Vitamin B12 (cobalamin) is essential for folate metabolism and DNA synthesis, acting as a cofactor for key enzymatic reactions. Deoxyadenosylcobalamin, one of the coenzyme forms of cobalamin, is a cofactor for methionine synthase, the enzyme which converts homocysteine to methionine. In maternal Vitamin B12deficiency, the products homocysteine and methylmalonic acid accumulate and can be transmitted to the fetus. Raised levels of these products have been detected on newborn screening of infants with low Vitamin B12stores ]9[.
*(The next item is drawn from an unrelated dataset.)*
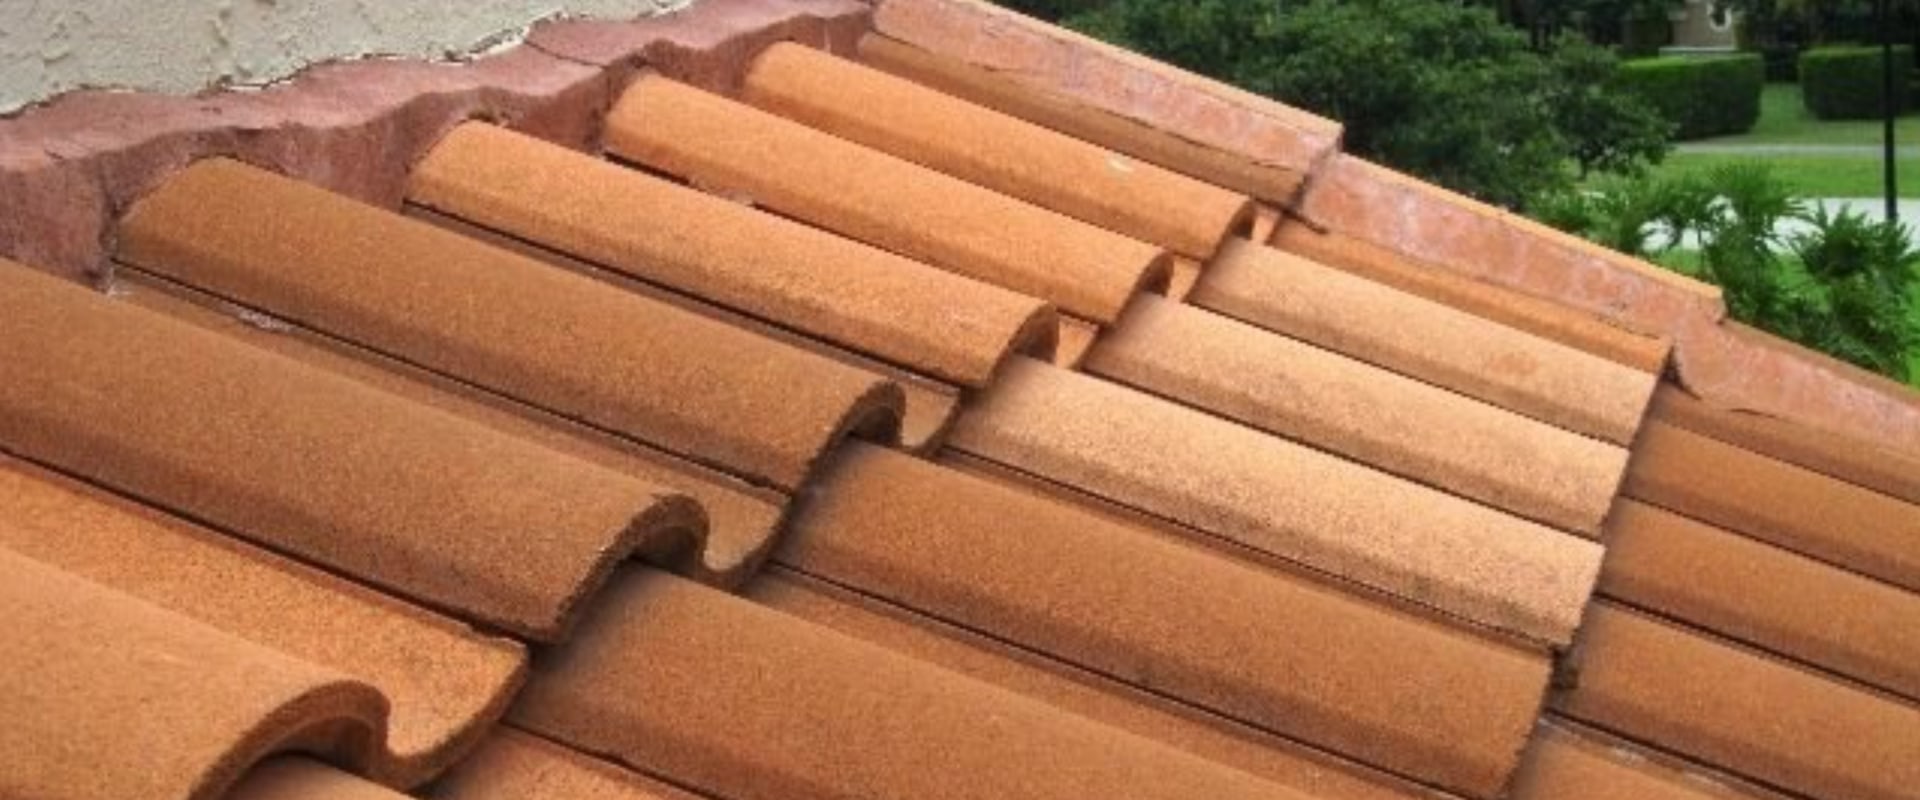 Clay Tile Roofs for Commercial Roofs
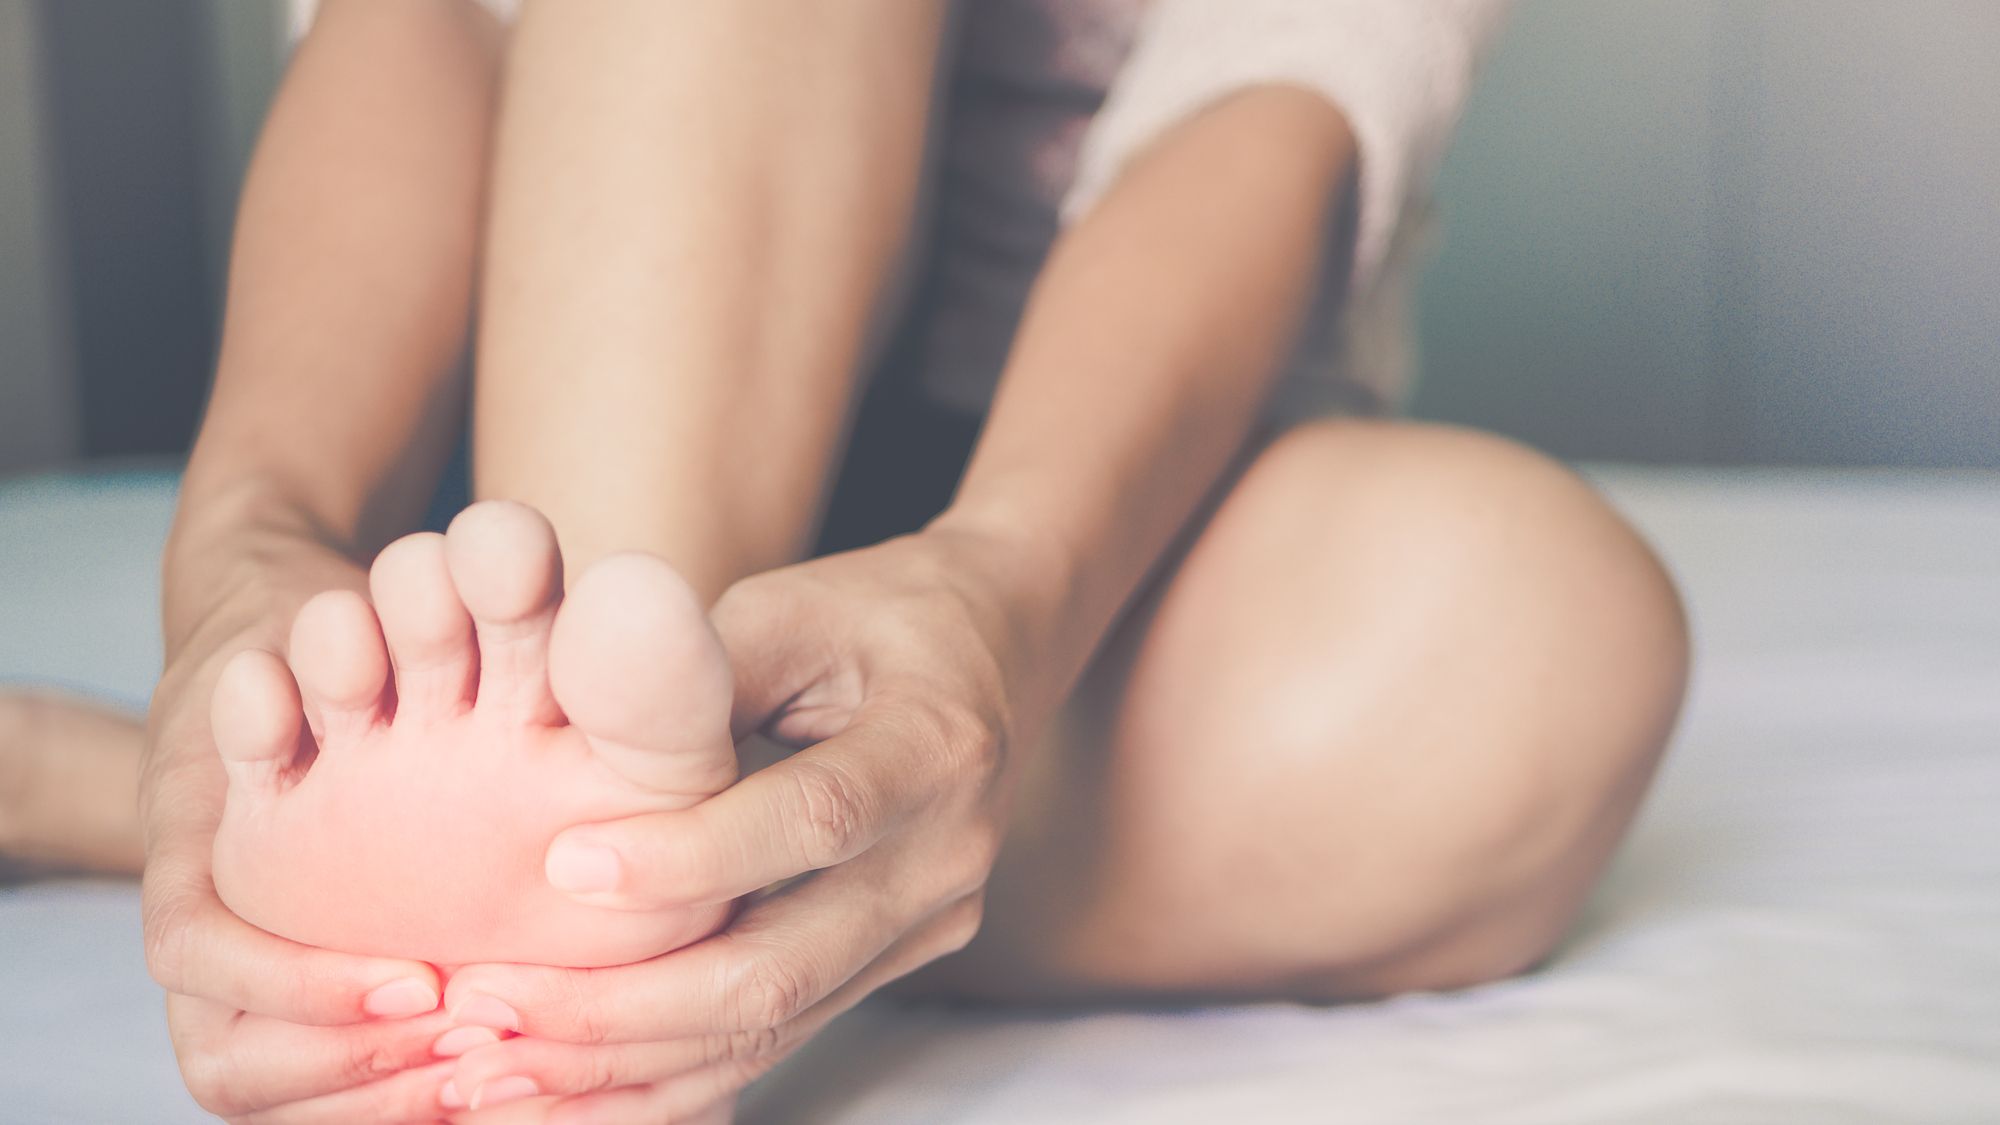 Why are my toes red? Causes, other symptoms, and treatments

Vitamin B12 deficiency in newborn, in most cases, results from a maternal deficiency. Maternal causes of infant deficiency can be divided into deficient maternal diet or maternal pernicious anemia in a breastfed infant because infant formulas are supplemented with Vitamin B12 ]10[. In view of maternal diet serum Vitamin B₁₂ concentrations decrease during pregnancy more than can be accounted for by hemodilution. There is some evidence of increased Vitamin B12 absorption during pregnancy, with newly absorbed Vitamin B12 being more important to placental transport than maternal liver stores ]11[.

There is a positive relation between maternal and breast-fed infant. Vitamin B12 deficiency linked to low Vitamin B₁₂ levels in breast milk. According to a study by Specker and colleagues 1990 [12], Vitamin B₁₂ milk concentrations less than 360 pmol/L, approximately corresponding to a maternal serum Vitamin B₁₂ of less than 300 pmol/L could result in an infant who is biochemically deficient in Vitamin B12. So that low Vitamin B12 uptake may cause “not-enough breast milk-jaundice” that may occur when the baby does not drink enough breast milk.

A careful review of available medical literature did yield rare previous reports of severe Vitamin B12 deficiency presenting with isolated indirect hyperbilirubinemia without concomitant significant hematologic or neurologic involvement. There are case reports of infant Vitamin B12 deficiency being diagnosed on newborn screening. Dasari et al, 2012]4[ reported a 41-year-old Asian-Indian male who presented with recurrent episodes of jaundice since Vitamin B12 deficiency.

It has been shown that neonatal jaundice shows statistically significant association with MTHFR 677T (Methylene Tetra Hydro Folate Reductase) (homocysteine metabolism gene) mutation which result elevated homocysteine. Hypomethylation due to MTHFR 677T and folate deficiency, which are independent risk factors could also be a factor leading to predisposition for NNH. So that the role of Vitamin B12 in MTHFR 677T mutation related neonatal jaundice need to be functionally established   in future prospective studies.

According to the results of this study we can recommend that: Level of serum vitamin B12 should be measured in all cases of indirect hyperbilirubinemia. Serum vitamin B12 should be measured in mothers of jaundiced neonates to assess the impact of maternal vitamin B12 deficiency on both neonatal vitamin B12 and TSB. Lastly, further studies should be done to investigate the benefits of vitamin B12 supplementation in neonates with hyperbilirubinemia.

Conclusion

We could conclude that serum levels of vitamin B12 were lower in jaundiced full term neonates than that of normal healthy neonates.